On Sat, Mar 6, 2021 at 5:50 PM Zhihong Yu <z...@yugabyte.com> wrote:
> +       if (client_connection_check_interval > 0)
> +           enable_timeout_after(CLIENT_CONNECTION_CHECK_TIMEOUT,
>
> +   /* Start timeout for checking if the client has gone away if necessary. */
> +   if (client_connection_check_interval)

Thanks!  Fixed.

> +        Sets a time interval, in milliseconds, between periodic
>
> I wonder if the interval should be expressed in seconds.
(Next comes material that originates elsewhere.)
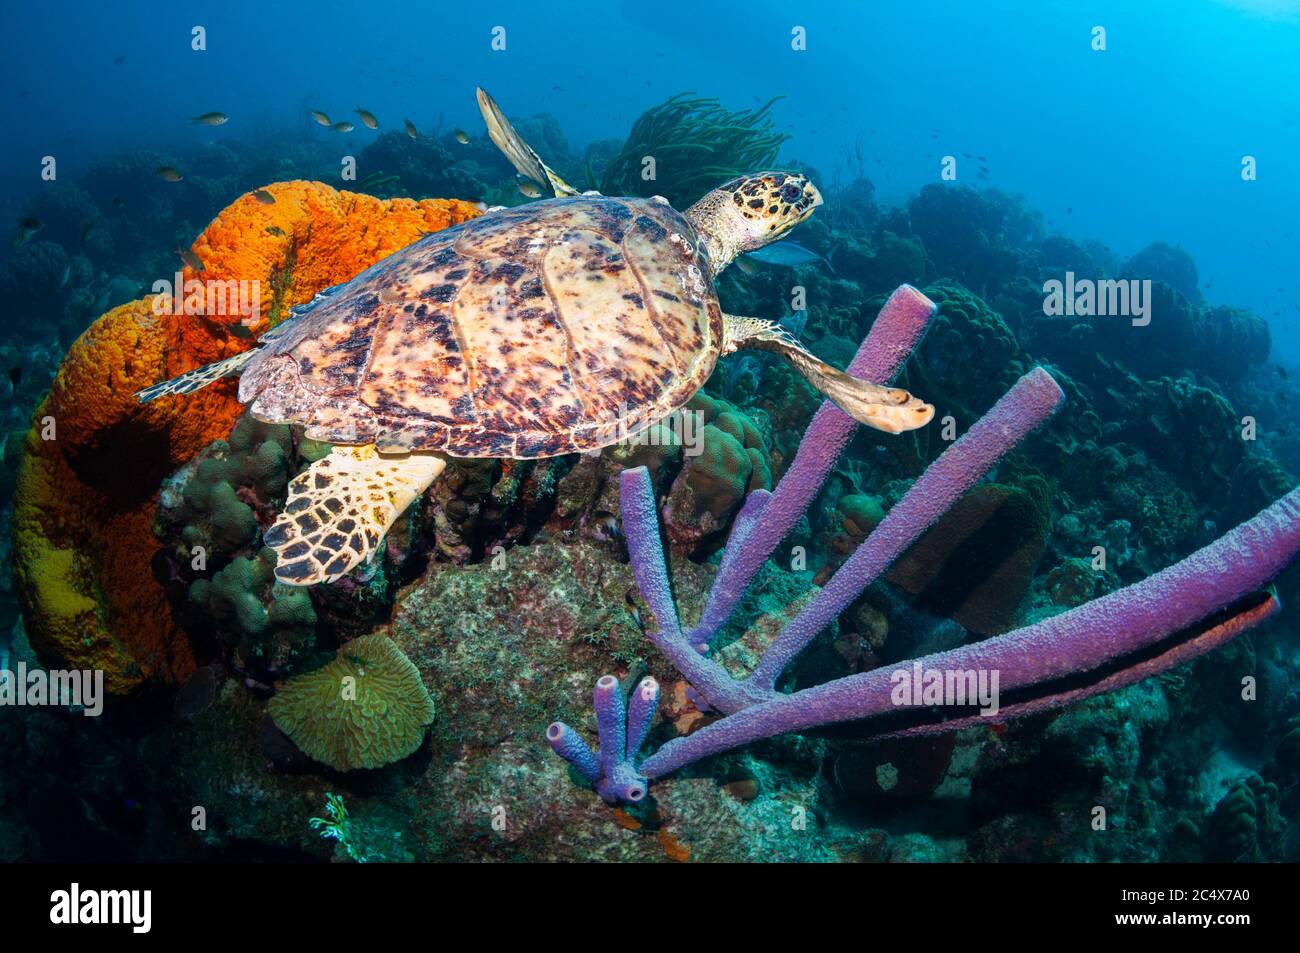 Hawksbill turtle swimming over coral reef scenery with Orange elephant ear sponge (Agelas clathrodes), Stove-pipe sponges (Aplysina archeri).  Bonaire Stock Photo

Since the 
> description says: while running very long queries.

Hmm.  Personally I think we should stop emphasising default units
(it's an internal detail) and encourage people to specify the units.
But that was indeed not good wording, so I fixed it.  I've now
rewritten the documentation completely, and moved it to the connection
section near the related TCP keepalive settings.  I tried to be really
explicit about what this feature really does, and in which cases it
helps, and what behaviour you can expect without this feature
configured.

Other changes:

1.  Fixed inconsistencies in .conf.sample and GUC descriptions from by
Ishii-san's review.
2.  Added comments to pg_check_client_connection() to explain the
conditional logic therein, justifying each conditional branch and the
interactions between this logic and the PqCommReadingMsg and
ClientConnectionLost variables.
3.  I added an ereport(COMMERROR) message for unexpected errnos in
this path, since otherwise an errno would be discarded making
diagnosis impossible.
4.  Avoided calling enable_timeout_after() multiple times, like we do
for statement timeouts.
5.  cfbot told me "Could not determine contrib module type for
connection" on Windows.  I do not understand this stuff, so I just
added the new test module "connection" to @contrib_excludes, like
everyone else apparently does.
6.  pgindented.

That's enough for today, but here are some things I'm still wondering about:

1.  Might need to rethink the name of the GUC.  By including "client"
in it, it sounds a bit like it affects behaviour of the client, rather
than the server.  Also the internal variable
CheckClientConnectionPending looks funny next to ClientConnectionLost
(could be ClientConnectionCheckPending?).
2.  The tests need tightening up.  The thing with the "sleep 3" will
not survive contact with the build farm, and I'm not sure if the SSL
test is as short as it could be.
3.  Needs testing on Windows.

I've now hacked this code around so much that I've added myself as
co-author in the commit message.
From 9a8af3fe03d9d7673f163e6087dd724acc40161d Mon Sep 17 00:00:00 2001
From: Thomas Munro <thomas.mu...@gmail.com>
Date: Mon, 1 Mar 2021 18:08:23 +1300
Subject: [PATCH v5] Detect dropped connections while running queries.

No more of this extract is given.